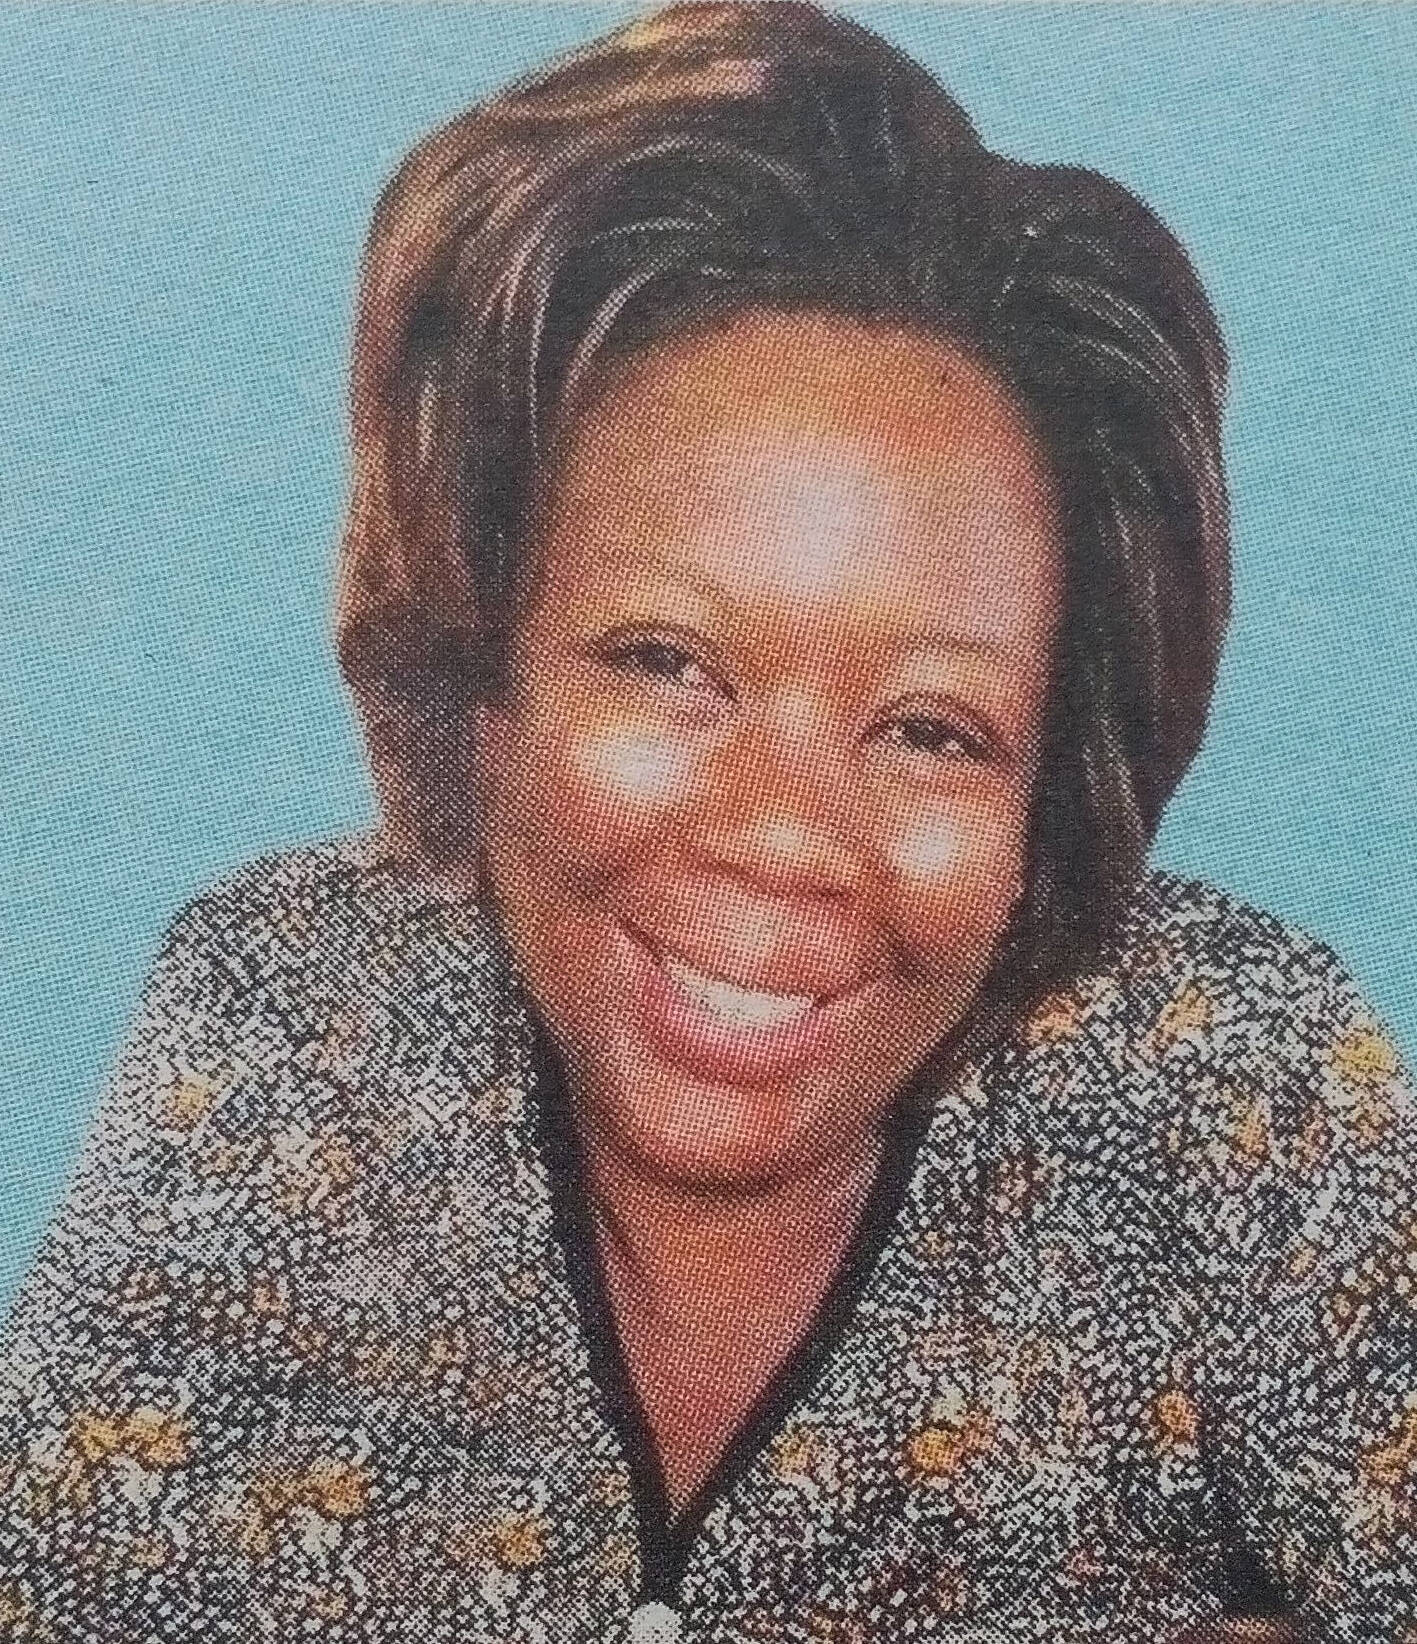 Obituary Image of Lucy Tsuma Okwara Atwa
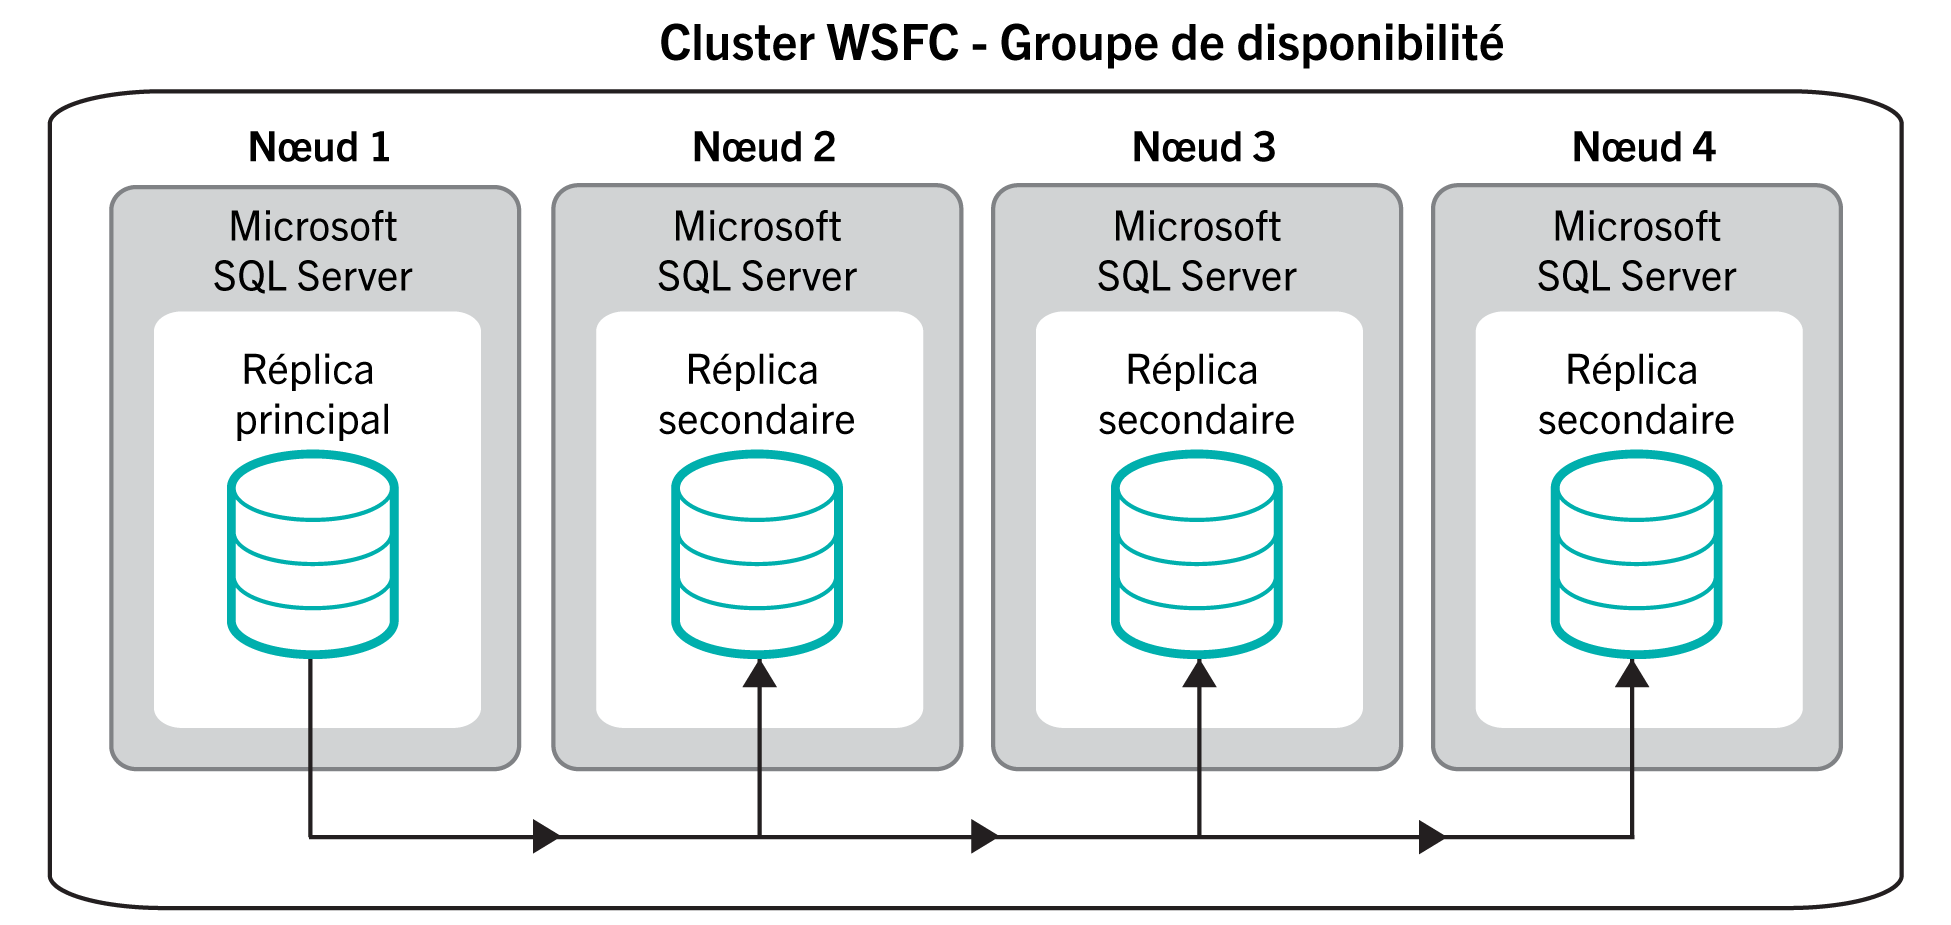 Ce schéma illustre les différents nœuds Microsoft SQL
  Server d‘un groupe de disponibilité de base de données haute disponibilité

------------------------------

### Exercise directions
In the copy, keep every line of the data above exactly and drop each picture.

### Solved problem
 Obituary Image of Lucy Tsuma Okwara Atwa
 Ce schéma illustre les différents nœuds Microsoft SQL
  Server d‘un groupe de disponibilité de base de données haute disponibilité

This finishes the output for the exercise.